If you think 2020 can’t get any weirder

KFC announced a new gaming console (actually PC) partnering with Coolermaster and one other tech partner. One of the largest food companies teased the KFConsole after PS5 release on twitter and everybody had a friendly laugh at KFC’s joke. Turns out it ain’t no joke after all, because KFC announced it.

And this console is not a dumb device either spec-wise. This is a Core™ i9 9th gen highest end CPU that can reach up to 5GHz clock speed. This console PC can deliver up-to 240 FPS with 240Hz refresh rate through the GPU output, which is of-course swappable. You got Ray-tracing, VR, 4K, maybe HDR?

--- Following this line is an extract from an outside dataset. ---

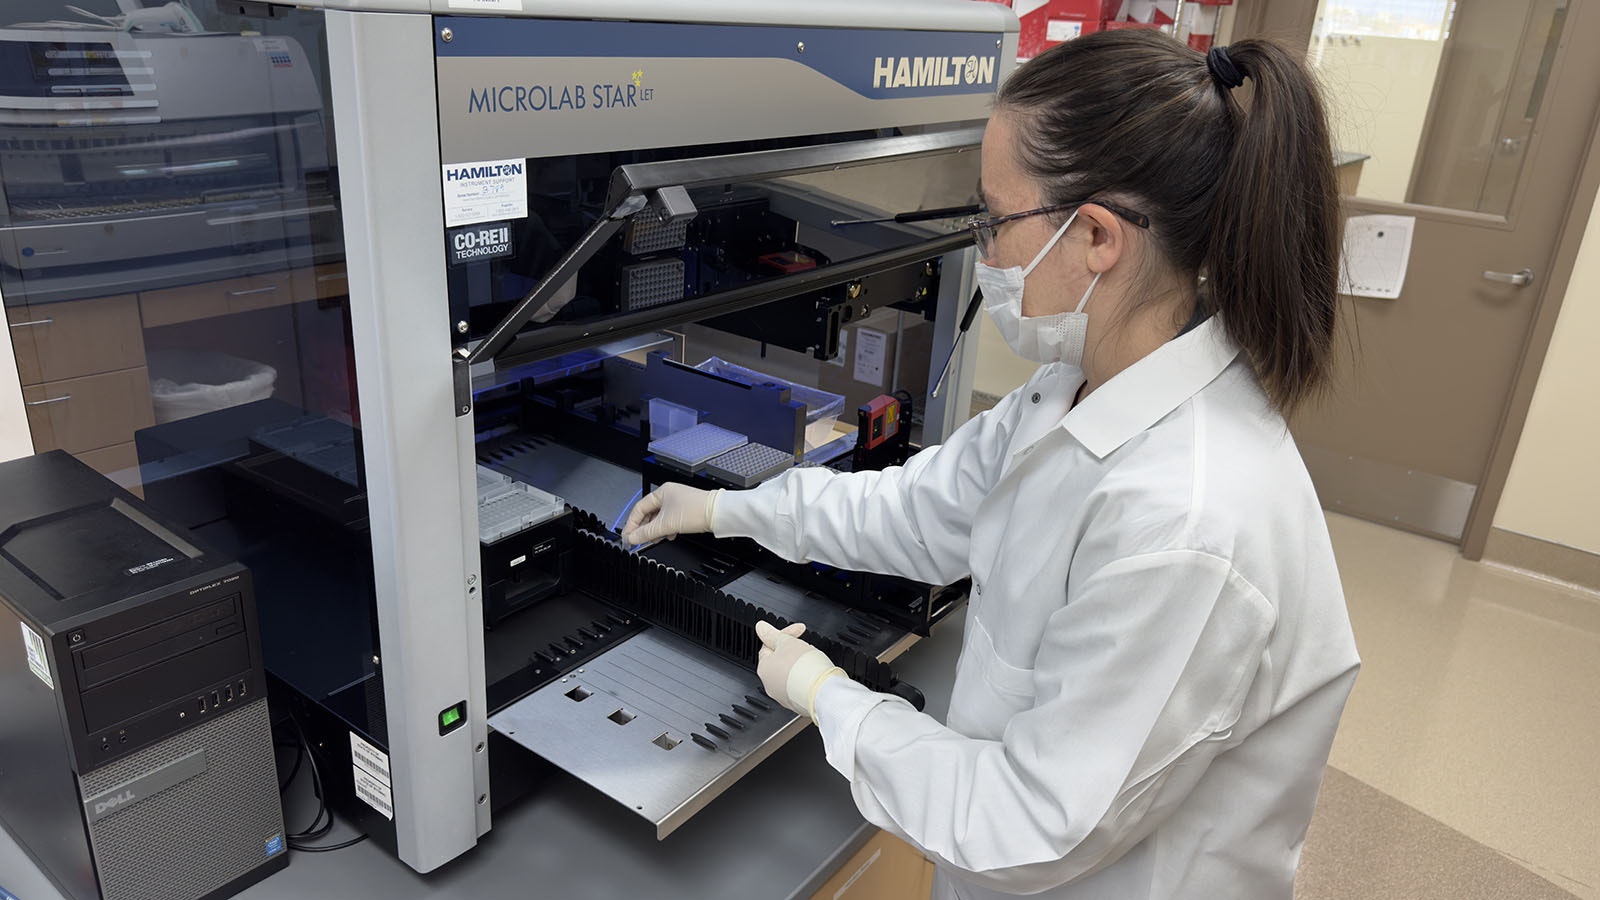 Amber Smith, a forensic analyst at the Wyoming State Crime Lab in Cheyenne, demonstrates how this Hamilton aparatus works. It can process nearly 90 individual DNA samples at a time.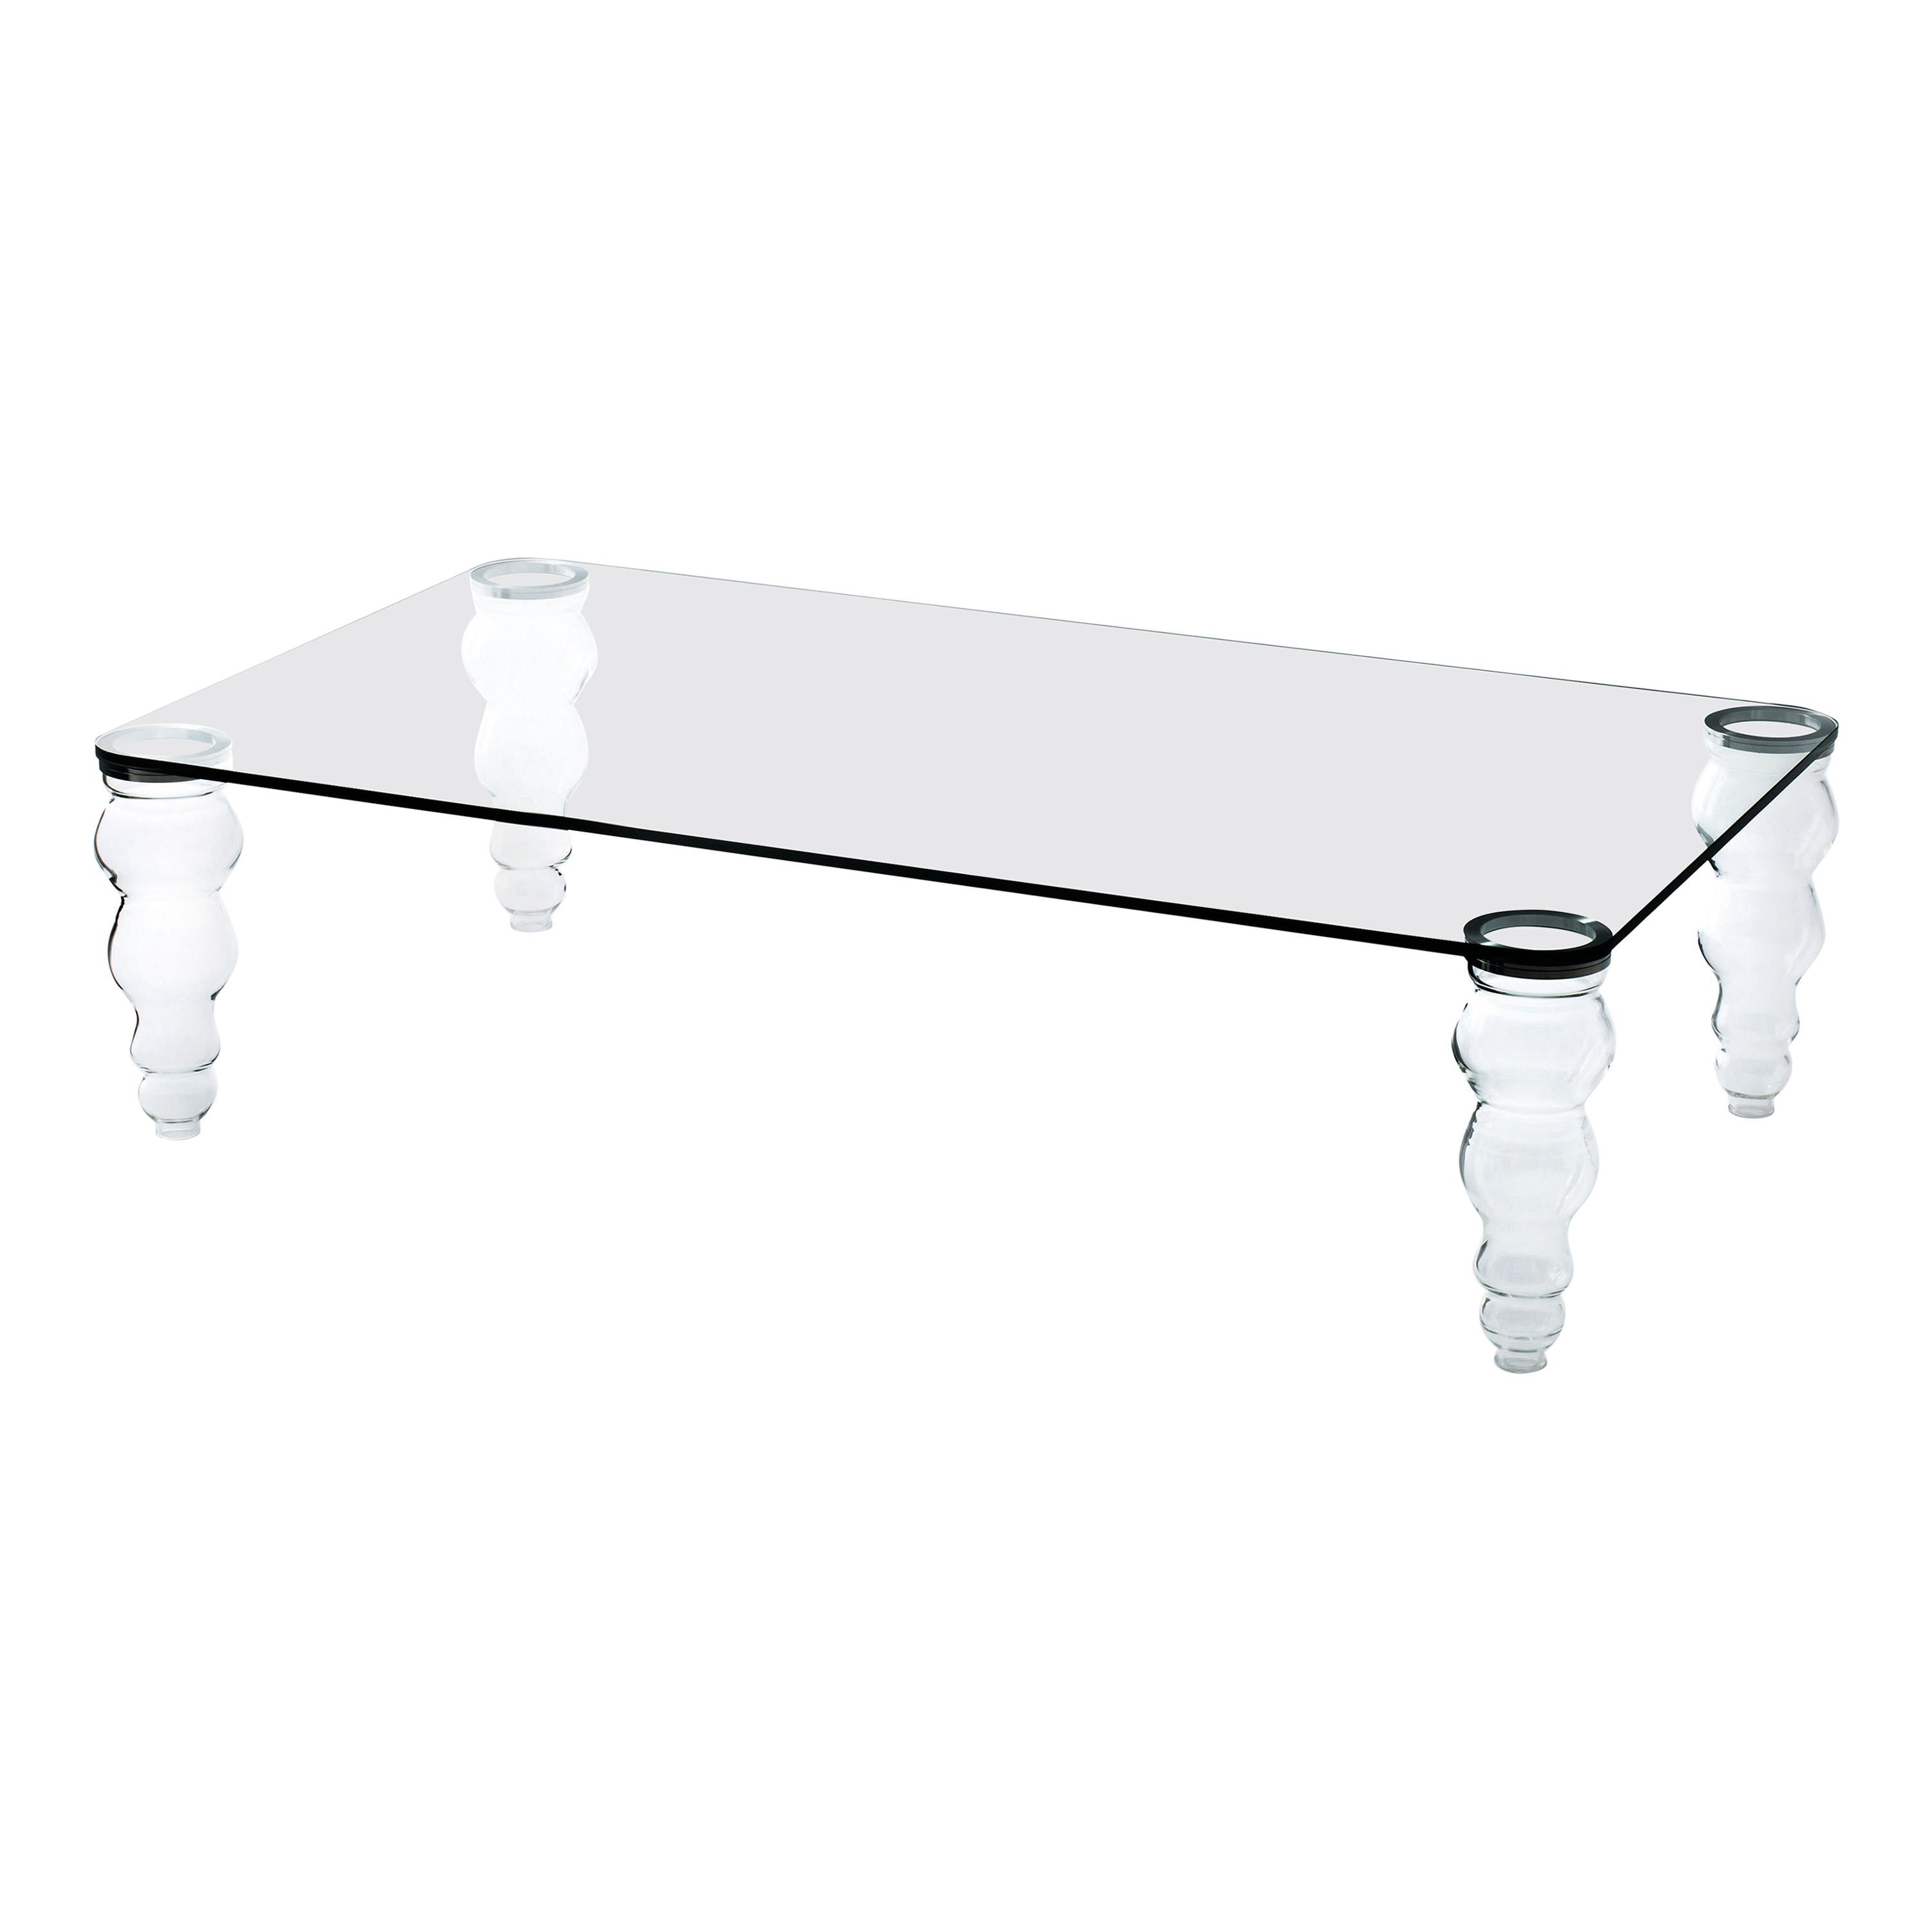 POSTMODERN Low Table in Transparent Glass, by Piero Lissoni for Glas Italia

And then the elephant in the room, a chicken heater! They included a chicken warmer which can warm your foods. Although gimmick and not an over-grade heater, it uses CPU and GPU heat and passes it to the warming chamber. This is a brilliant approach to me personally. Anyway, we do not have information about when it will be on sale and where it can be bought from. All we know is that it is real, and it will make your mouse and keyboard very greasy.

Zoom is thinking of competing Google and Microsoft

Zoom has zoomed its way to top like an excited dog running on the beach. These people now want to compete with Google and Microsoft. Well, not directly, but in providing Calendar and Email services. Outlook and Gmail is one of the biggest proprietary Email providers and lots of corporate users use these services to manage schedules, events and meetings. Zoom with its sky-high popularity unsurprisingly wants to provide users with a full suite so users don’t have to jump between Google Calendar and zoom for scheduling meetings.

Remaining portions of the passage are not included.